How close is the nearest stream? or lake? How did the cave originally fill with water? 

A few options... 

eggs on birds: it does happen. Normally when you build a reservoir, stock it with 2lb trout, and then a year later Bob has just caught a Roach - that random roach probably did come on a birds leg. For this to be an introduction from birds, it would probably have taken a few introductions, but without predators and a rich water source, they could thrive. 

Without knowing the age of the cave/water - if there is no stream nearby it is likely man made - could an underground river flow up into it? this isn't something you'd notice, but maybe? if so, it was wrote in a journal _I need to find_ that in some underground connecting rivers fish did use them to reach new waterways.
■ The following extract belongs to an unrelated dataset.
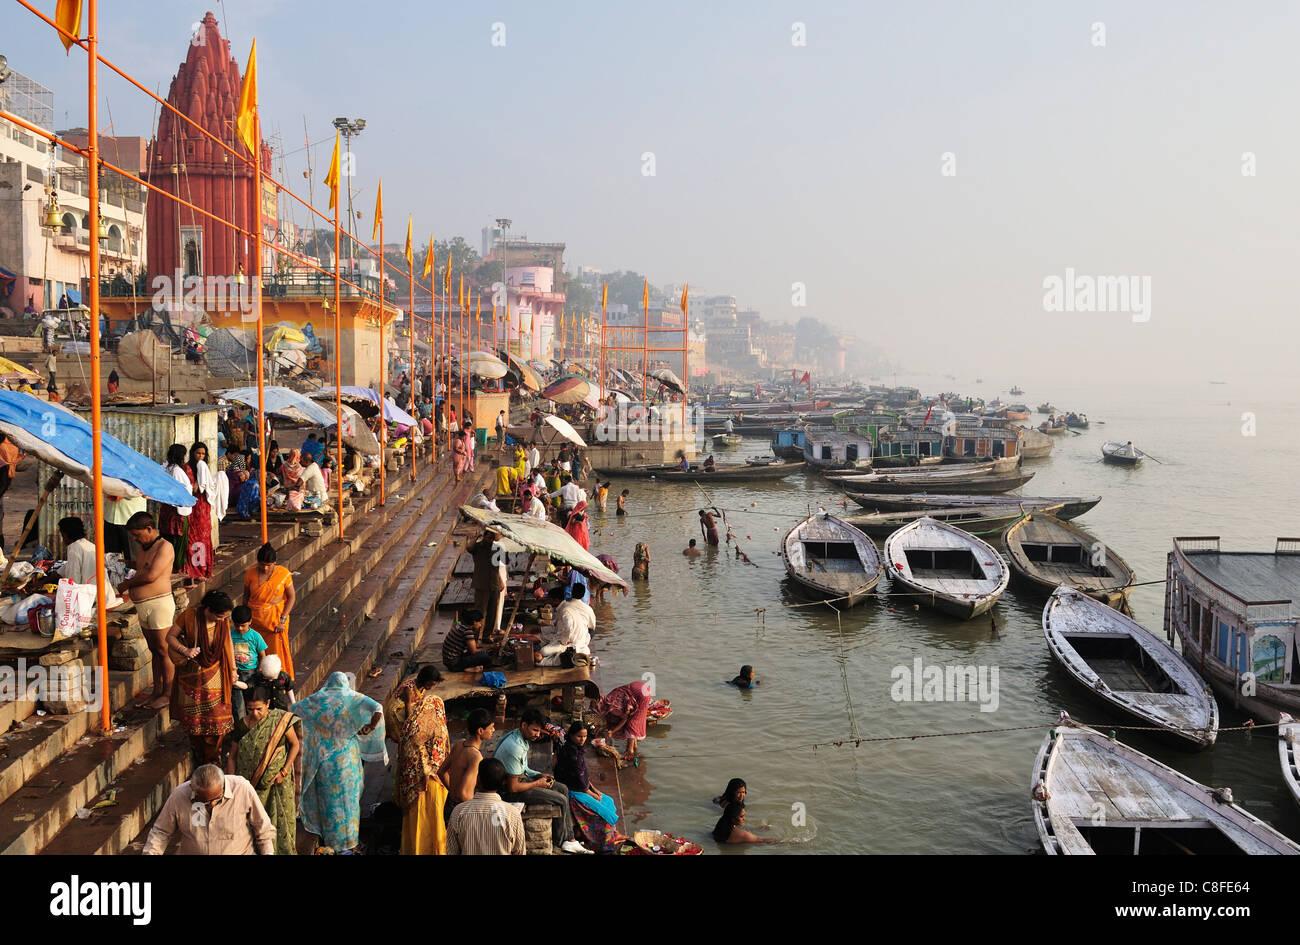 Ghats sur le Gange, Varanasi (Bénarès, Uttar Pradesh, Inde Photo Stock

Also, if it is man made, they likely abandoned it after hitting the water table, hence filling it.

Final one, is flooding. If there is a stream/lake within a mile, flooding is a good guess.

If it was filled by rainwater, I would assume the cave has some depth to keep a body of water that can sustain the fish over summer. Which would be a fair amount of water, that wouldn't be a slow process.

All that said, possibly the EA introducing minnows to help with bugs and algae.

Curious to visit this place now. Sorry to ramble.


----------



## Kezzab (21 Jan 2018)

It's an old slate mine. Hard to tell, but i think the pool is just filled by rain water, and run off into the cave. It looks deep in places. A nice place to visit for a walk if you are ever in the Lake District.


----------



## mort (21 Jan 2018)

As above its an old slate mine. Rydal water is 20-30m below the cave and I think it just fills from run off from above. It's a metre or slightly more deep in places and stays wet all year.


----------



## mort (21 Jan 2018)

quick vid from 2011


----------



## mort (30 Oct 2018)

The minnows are still doing great. Pics from the end of September


----------